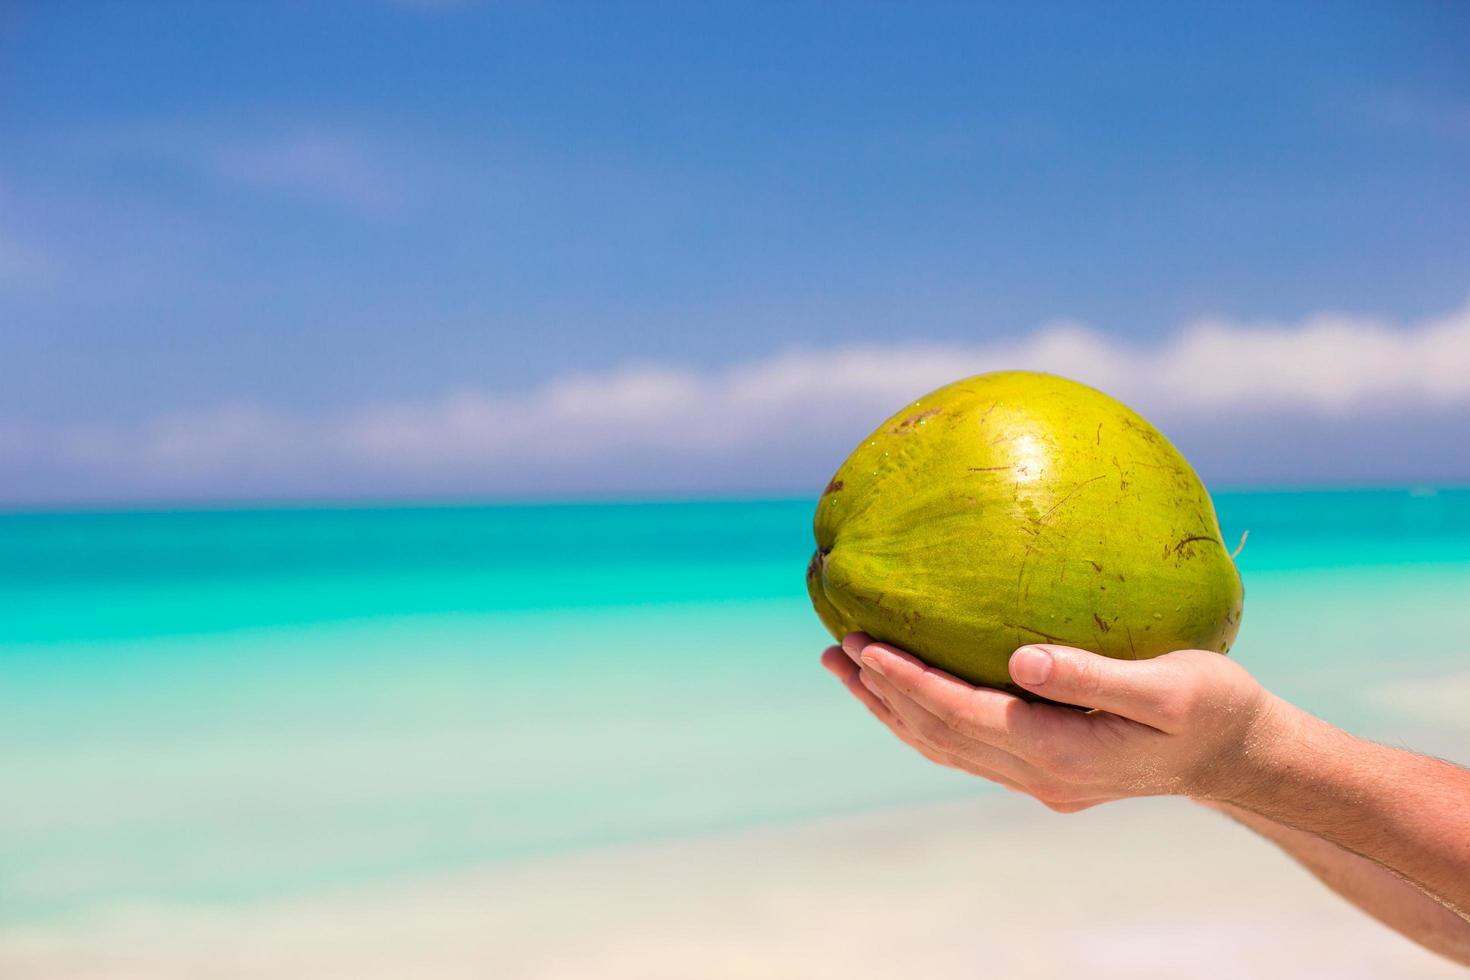 persona in possesso di una noce di cocco su una spiaggia foto
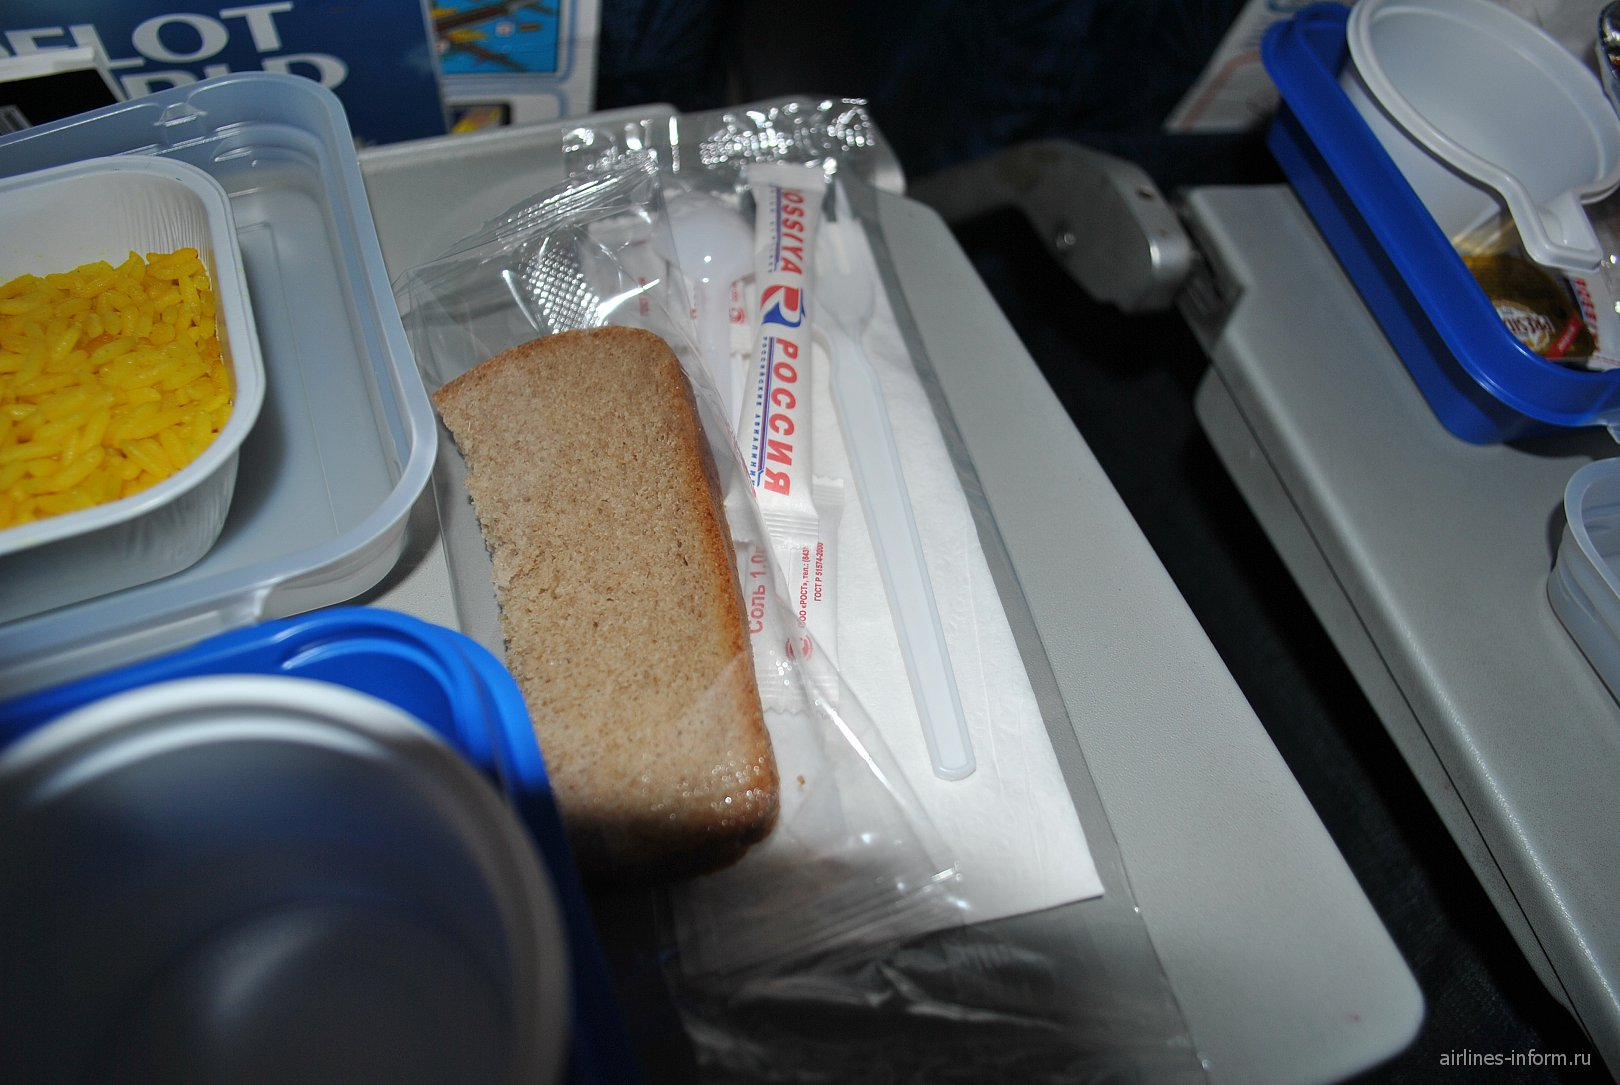 Питание на рейсе Красноярск-Санкт-Петербург авиакомпании Россия
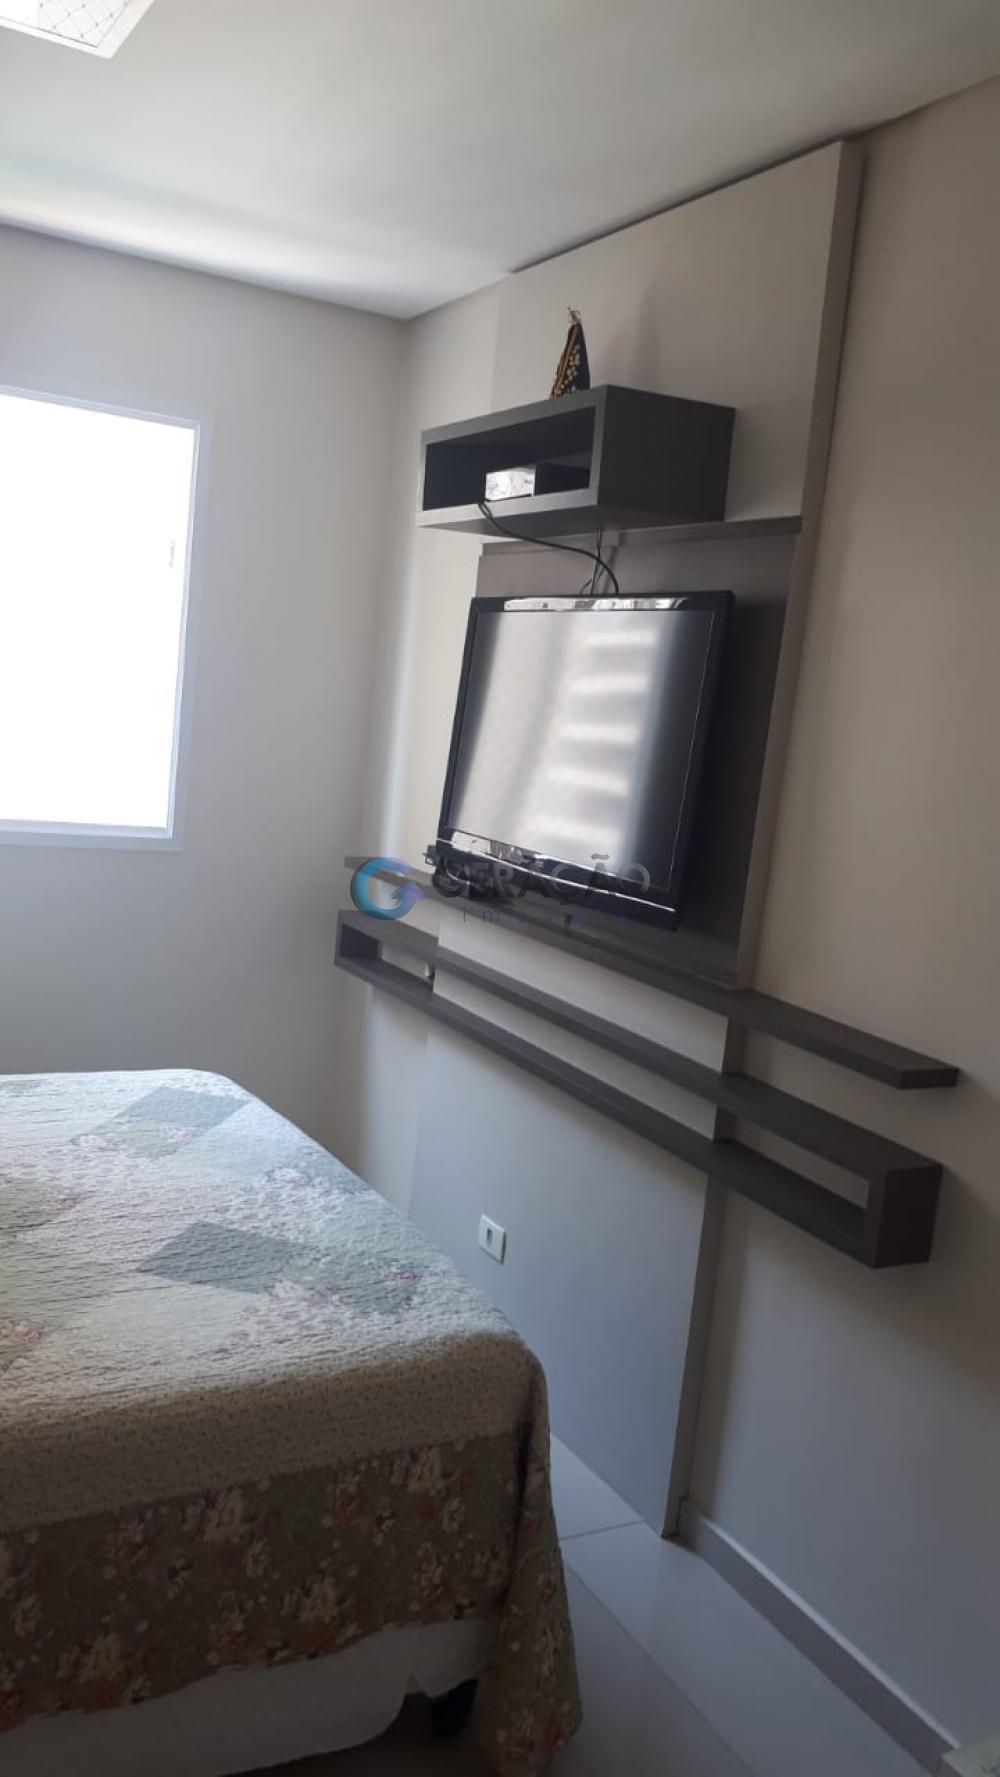 Comprar Apartamento / Padrão em São José dos Campos R$ 780.000,00 - Foto 16
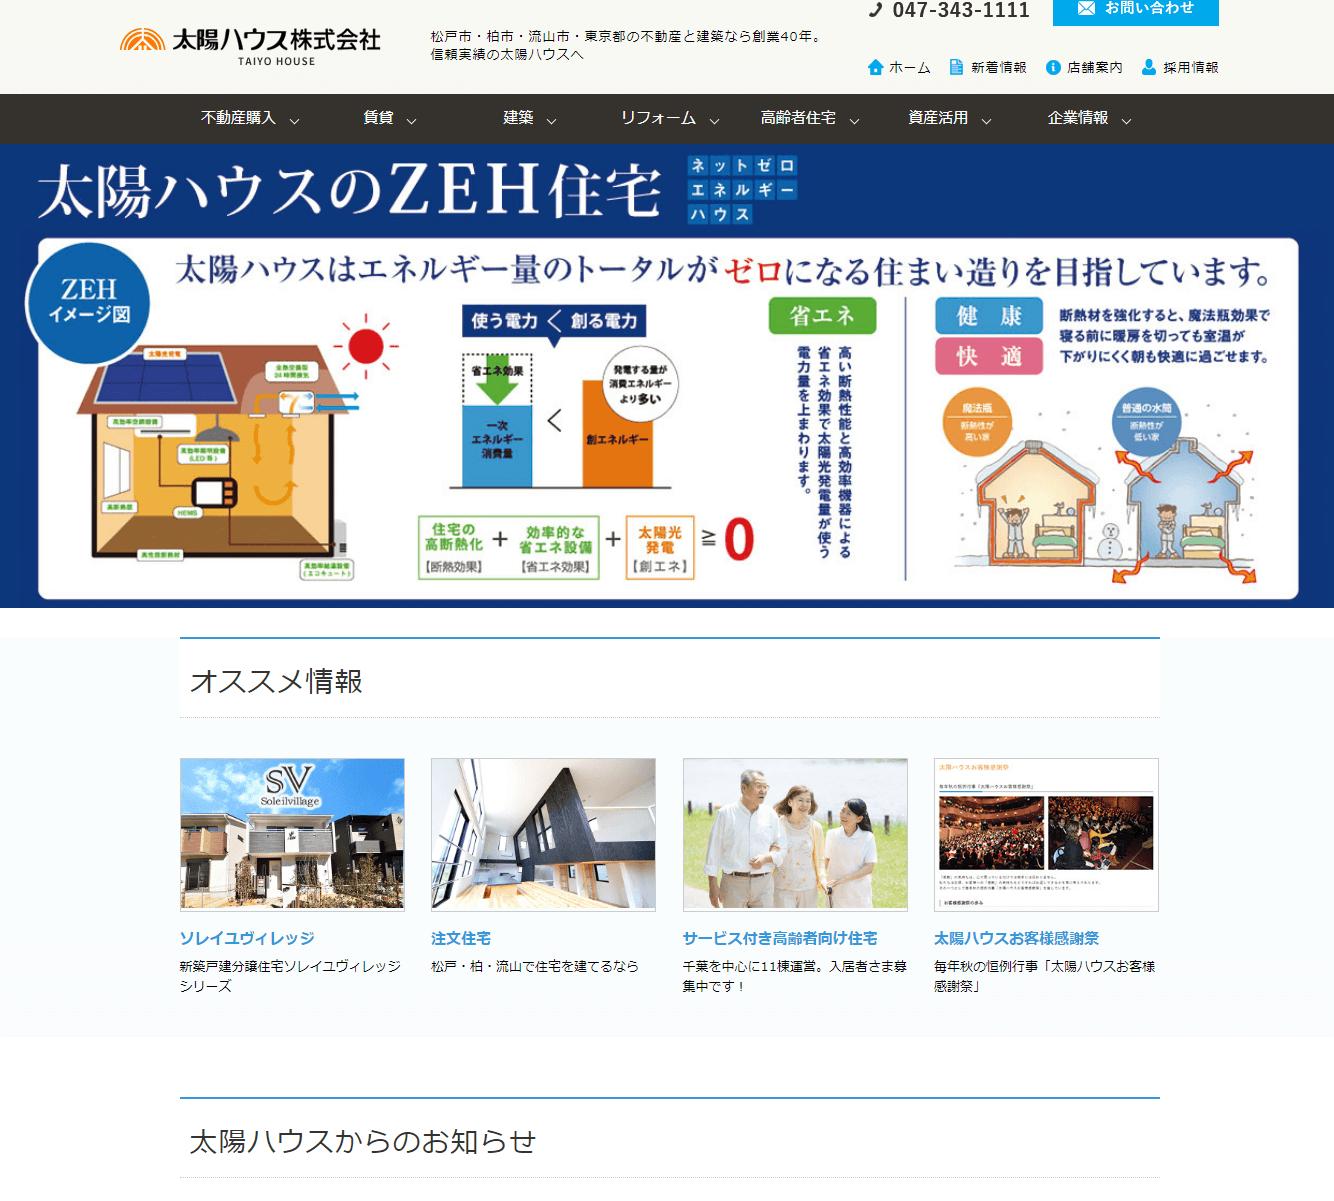 太陽ハウス株式会社
::::
## Try it
Everything in the listing must be copied exactly except the pictures.

## Response box
 persona in possesso di una noce di cocco su una spiaggia foto
 Питание на рейсе Красноярск-Санкт-Петербург авиакомпании Россия
 Comprar Apartamento / Padrão em São José dos Campos R$ 780.000,00 - Foto 16
 太陽ハウス株式会社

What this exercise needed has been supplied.